Свою роль сыграла прежде всего внезапность. Финны явно не ожидали, что кто-то будет по ним стрелять. Тот, что без шлема, повалился ничком, ударился о броню, странно выгнулся, повис на передке танка. Остальные попадали в снег, то ли живые, то ли убитые, пока неясно. Самое обидное было, что в своего финна на башне Воскобойников промазал – он завертел головой, но не полез, дурак, внутрь танка, а зачем-то стал с него слезать. Со второго выстрела комиссар достал танкиста, но не убил, а лишь ранил, потому что финн довольно резво пополз под машину.

Получается, в танке осталось двое. Плюс как минимум один живой снаружи.

Но живой оказался не один – живых оказалось двое, и финны, укрывшись за броней, отстреливались из пистолетов, потом танк повернул башню, бухнула пушка, снаряд угодил метрах в двадцати левее Воскобойникова. Затрещал пулемет. Потом машина завелась и стала разворачиваться, бог весть зачем – вряд ли финн рассчитывал взобраться на кручу, тем более по такому глубокому снегу.

– Что делать дальше? – крикнул немец.

– Увидим!

Пулеметная очередь прошлась почти над головами, срубив ветви и осыпав Воскобойникова и Айнцигера снегом. Справа кто-то из красноармейцев бросил гранату, она взорвалась, не долетев до танков всего несколько шагов.

– Я их достану, – сказал немец уверенно. – Отвлекайте, я попробую зайти слева.

И пополз на четвереньках по глубокому снегу, закинув винтовку на спину.

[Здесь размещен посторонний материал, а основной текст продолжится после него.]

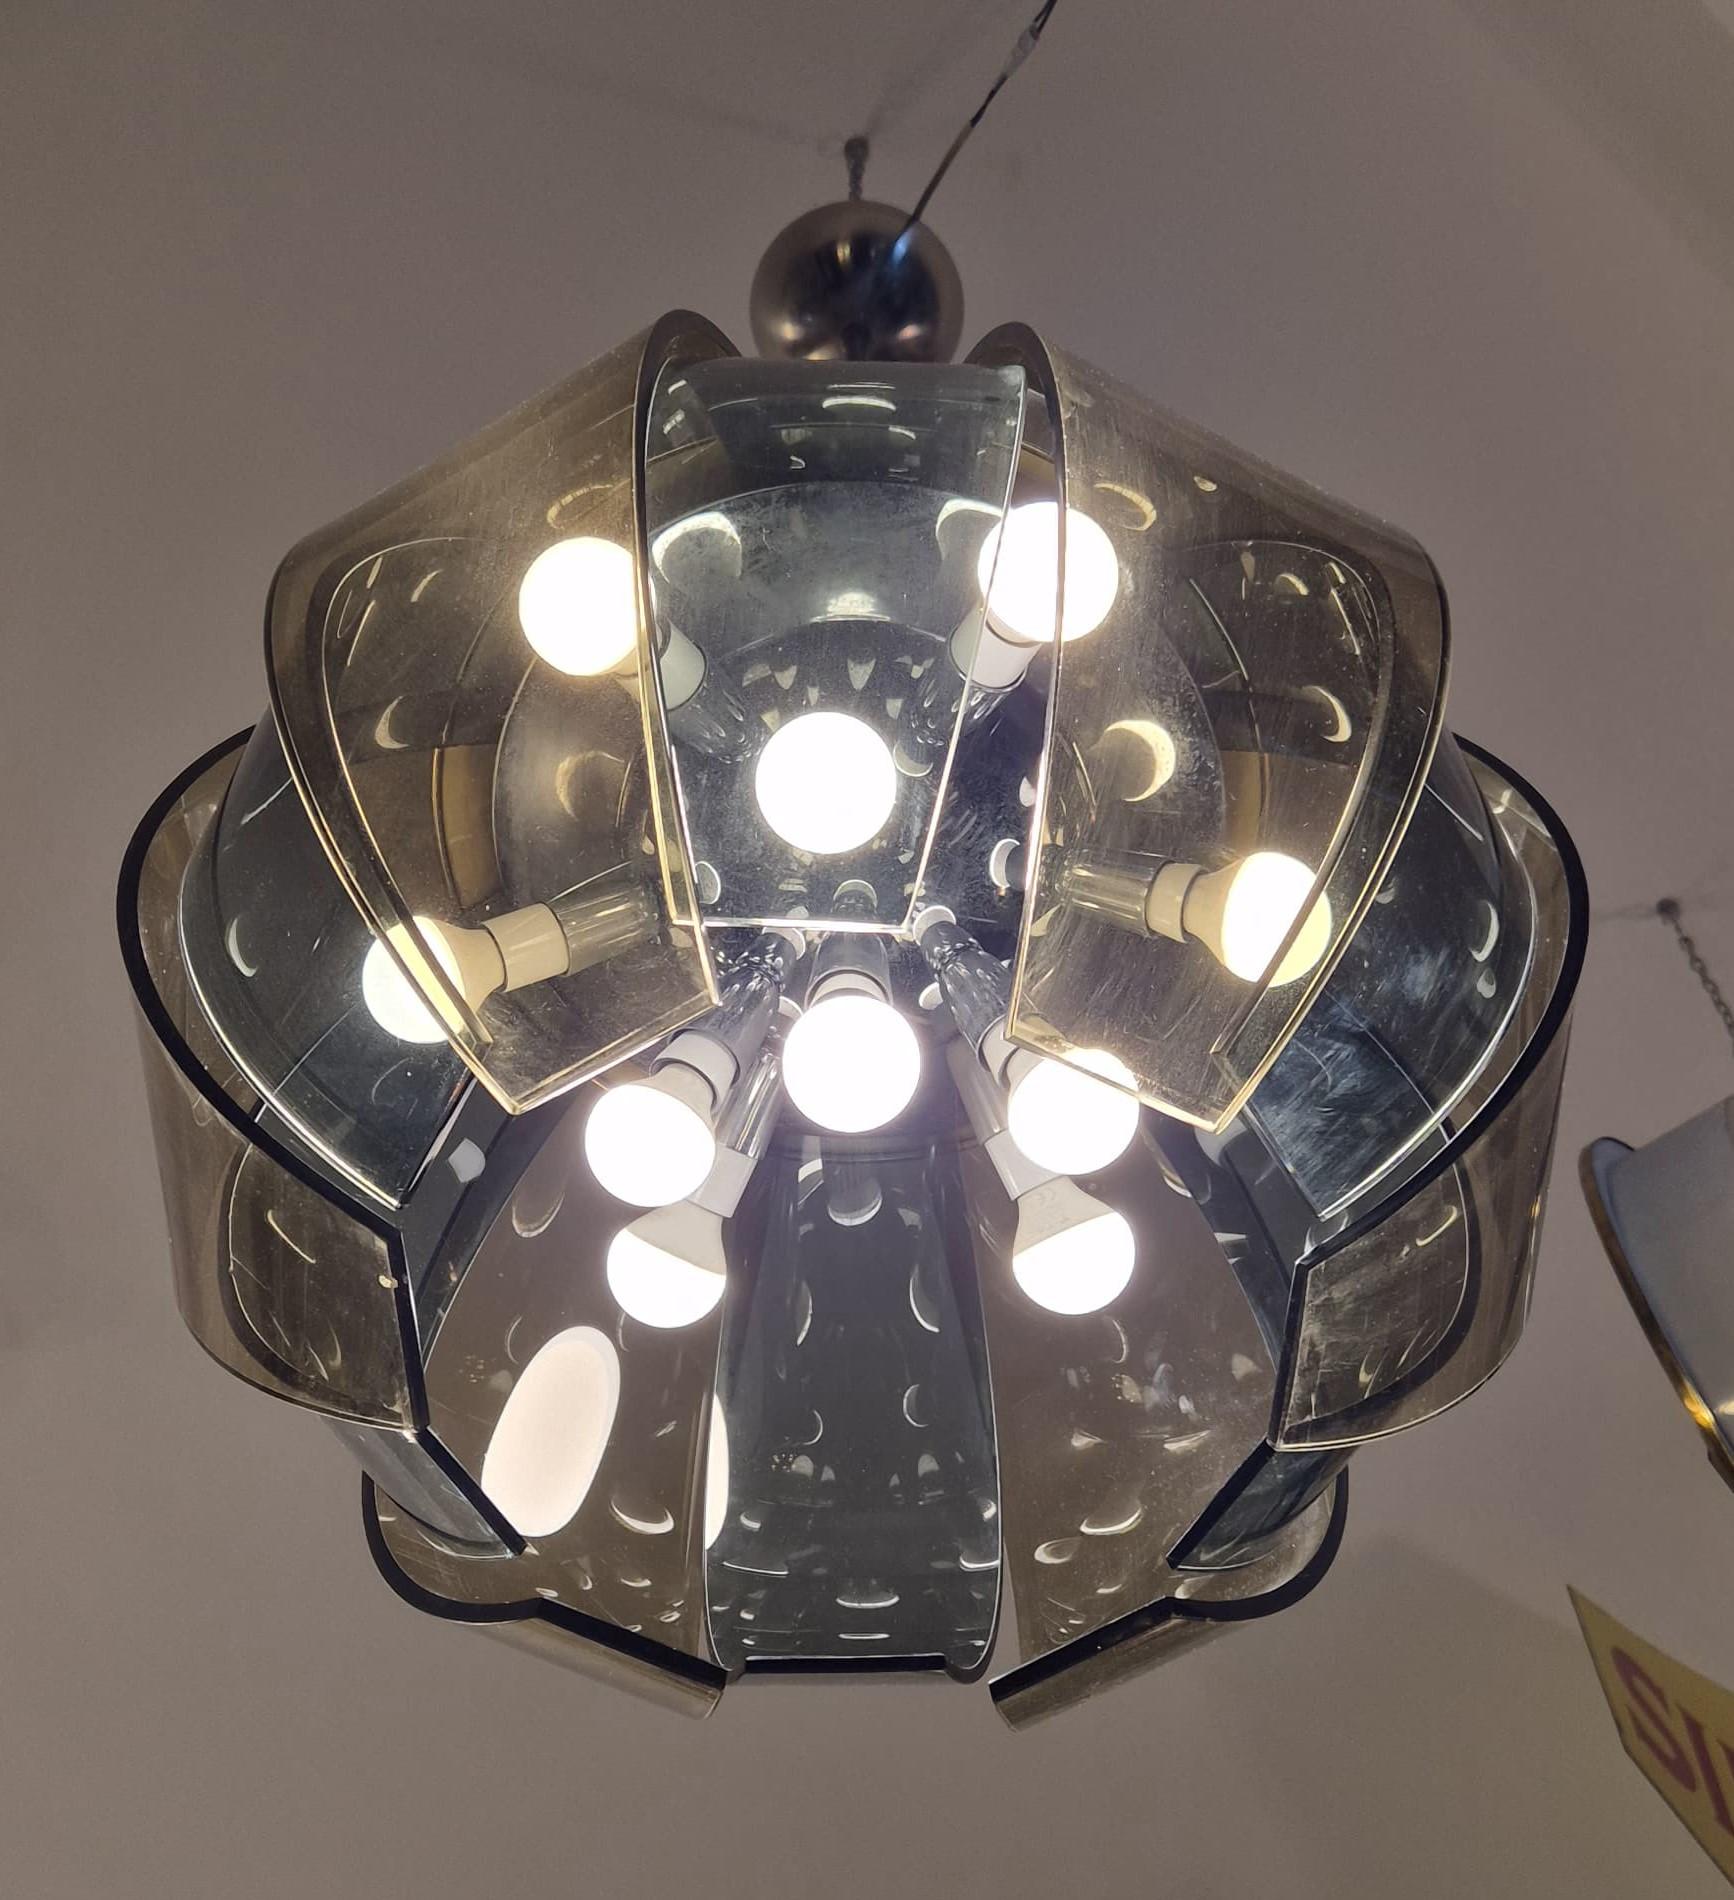 Stilnovo pendant lamp, metal frame with 10 bulbs and 12 two-tone glasses.

– Чего он сказал, товарищ полковой комиссар? – спросил Потапчук.

– Сбоку зайдет. Огонь не прекращать!

На фоне общей пальбы Воскобойников не услышал одиночных винтовочных выстрелов, но зато увидел, как на дороге появился Айнцигер и торопливо побежал к оставшемуся в бою танку. Очевидно, финны внутри никак не ожидали нападения с тыла, поэтому немец вскарабкался на броню и забарабанил прикладом по башне.

 

Двое танкистов вылезли из машины и подняли руки. Оба маленькие, коренастые, один, что постарше, с маленькой шкиперской бородкой.

Со склона, скользя, спустился Керьялайнен, и Воскобойников велел ему спросить у пленных, как их зовут и какую часть они представляют. Тот послушно залопотал и сообщил, что танкистов зовут капрал Оравайнен (тот, что с бородкой) и рядовой Иннанен. Номер и расположение части они, по словам Керьялайнена, сообщить отказались.

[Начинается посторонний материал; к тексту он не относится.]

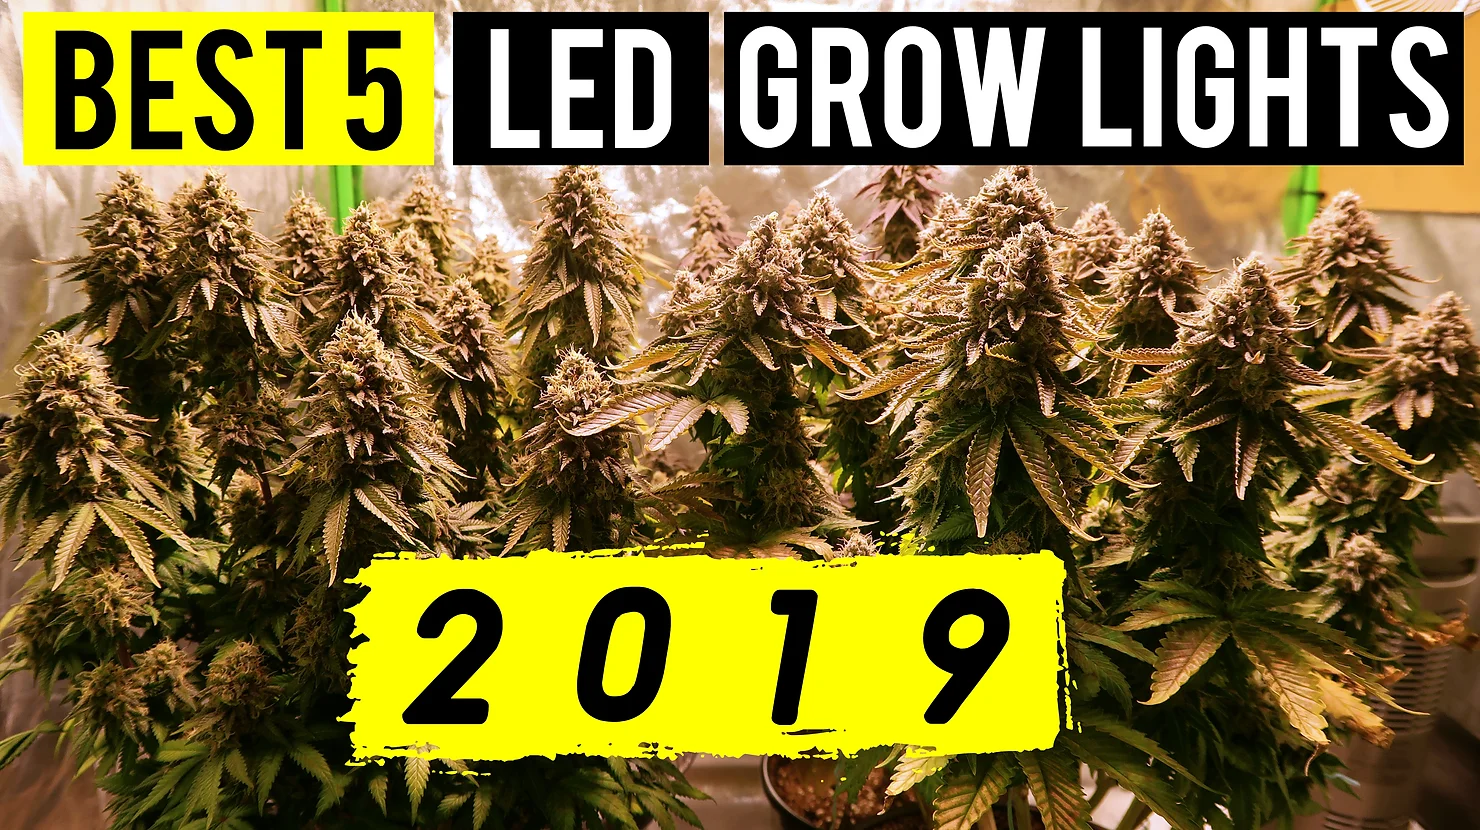 Best 5 LED Grow Lights 2019 | 5×5 Coverage Area

– Хорошо, уходим с дороги, чтобы не торчать тут, как хрен из проруби... Политрук! Осмотрите машины, может, найдете что съестное.

– Не снять ли пулемет? – спросил Вершинин.

– Не стоит. Таскать его...

– Можно мне с ними поговорить? – спросил Айнцигер.

– Попробуйте... Переводите мне разговор, Керьялайнен, – велел Воскобойников.

– Послушайте, – сказал Айнцигер, – у нас не так много времени, чтобы вспоминать положения женевской конвенции. Вы – представители северного народа, как и я, и прекрасно знаете, что наши предки делали с пленными врагами, если хотели получить от них некие сведения.

Финны тревожно переглянулись.

– Я не требую слишком многого, – продолжал немец, – всего лишь хочу знать, где находится ваша часть и где мы можем наткнуться на другие соединения или патрули.

– Вы нас всё равно расстреляете, – сказал Оравайнен.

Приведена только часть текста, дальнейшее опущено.